Like Apache Solr has Java client Solrj, which offers a native java interface to add, update and query solr index, ElasticSearch also has Java client with which you can you can perform index operations, search queries and administrative tasks.
A typical use-case is that you are connecting to a remote ElasticSearch cluster from a Java webapp. To use Java client for ElasticSearch, you need to choose between “Node client” and “Transport Client”. First let’s see their definitions.
Node client is actually a node within the cluster. But you configured it not to hold any data, and cannot become master. (This is simple to configure by setting either node.data setting to false or node.client to true) Because it is a node, it knows the entire cluster state and configuration like which shards live in which nodes, where are all the nodes. This means when executing search query it can hit the right node directly, thus save one network hop.
The Transport Client connects to the cluster remotely using the transport module (the layer that is also used for inter-node communication within the cluster). It’s an outsider of the the cluster, i.e. it does not join the cluster, but when it’s initialized, it will be provided with one or more initial nodes to start from. If you set “client.transport.sniff” to true, the client will sniff the rest of the cluster, and add all the nodes into its list of machines to use.
The third alternative to connect to ElasticSearch is to use the REST API to perform all operations. There are a bunch of Restful-based clients written by the community for different languages, such as perl, python, ruby, php, .Net, nodejs. There’s one for Java application, called JEST which provides a POJO marshalling mechanism on indexing and queries.
Overview of the three clients
The following diagram illustrates how the three types of clients are used in various applications.
- Java Web application 1 uses “node client” which is part of the cluster (knows how to route your queries and does not need another hop). It talks to ElasticSearch via native protocol.
- Java Web application 2 uses “transport client” which is not part of the cluster. It talks to ElasticSearch via native protocol.
- Web application 3 uses “rest client” to talk to ElasticSearch via RESTFul interface over HTTP
Compare Node client and Transport Client
Each connection method has its own strengths and weaknesses. You must choose the one that best suits your requirements and environment.
- Performance is better because the query is more efficient executed since the node knows the cluster layout. Operations are automatically routed to the node(s) the operations need to be executed on,
- It moves some computation load away from ElasticSearch cluster (like merging search results from different shards that will be done locally on the node client instead of on the ES data node)
- Less configuration to connect to a cluster, just specify a cluster name and nodes will find each other and form the cluster.
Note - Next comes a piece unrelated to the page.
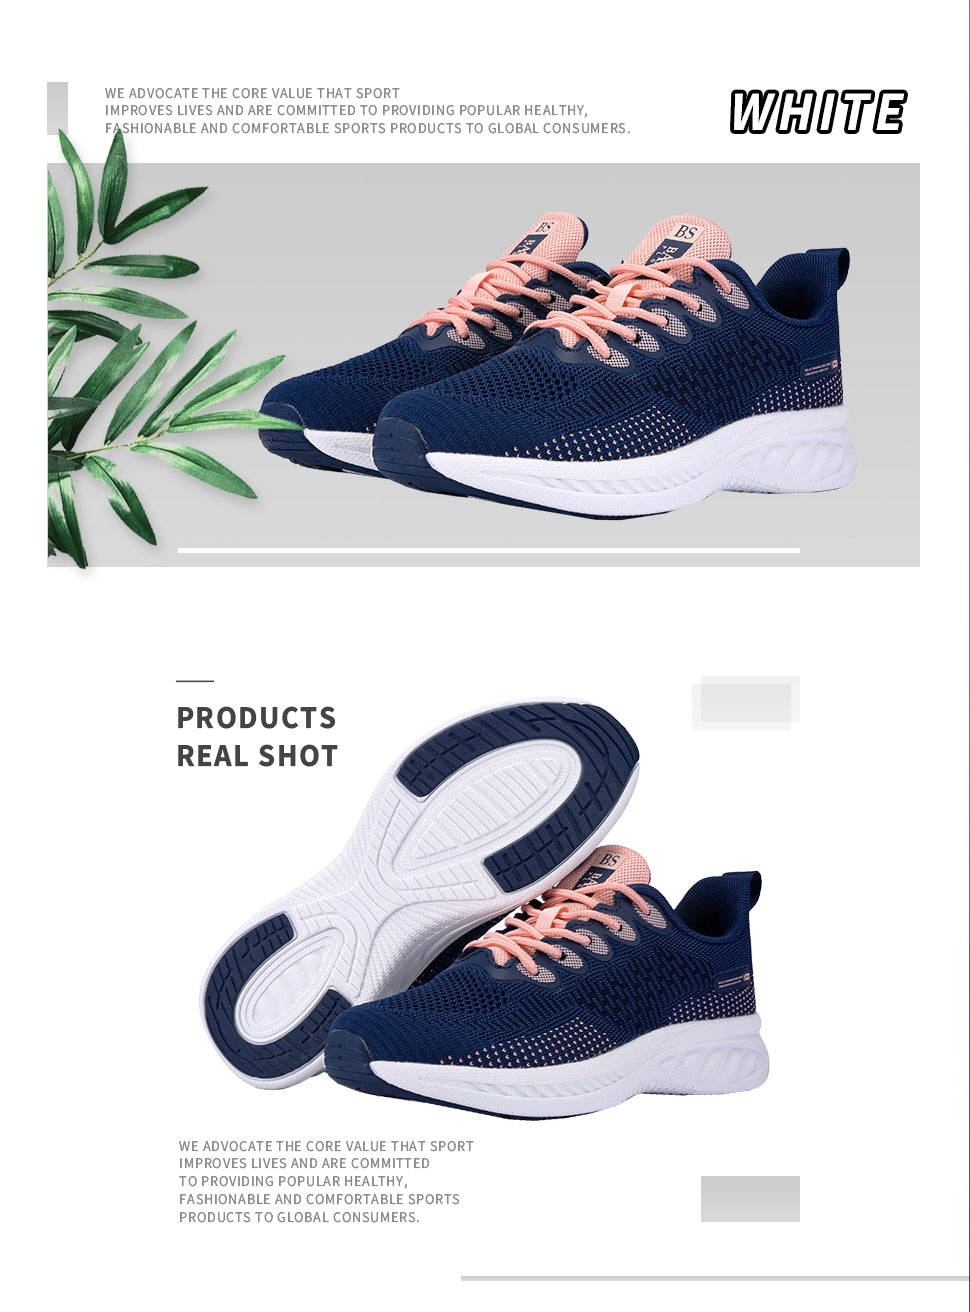 Women's Fashion Sneaker Light Knit Running Shoes Yoga Gym Tennis Sneaker Comfortable Walking Shoes The Clothing Company Sydney

This will make deployment a bit easier
- Requires more resource (memory/thread/network traffic)
- Introduced dependencies (of ElasticSearch/Lucene) into your project
- Less secure as now your cluster is wide open to your web application
- Uses less resource than Node Client
- Loads faster as it doesn’t broadcasting/join cluster
- No dependencies on ElasticSearch/Lucene in your project
- A bit more secure as this decouples your application from the cluster
- Requires a bit more configurations as you need to provide at least 1-2 nodes’ address/port for transport client to start with.
- Operations are not as efficient as Node Client because most actions will probably be “two hop” operations. For example, when data resides on Node 2, but Transport client hits Node 1 first which, in turn, will route your request to Node 2, thus results in “double hop”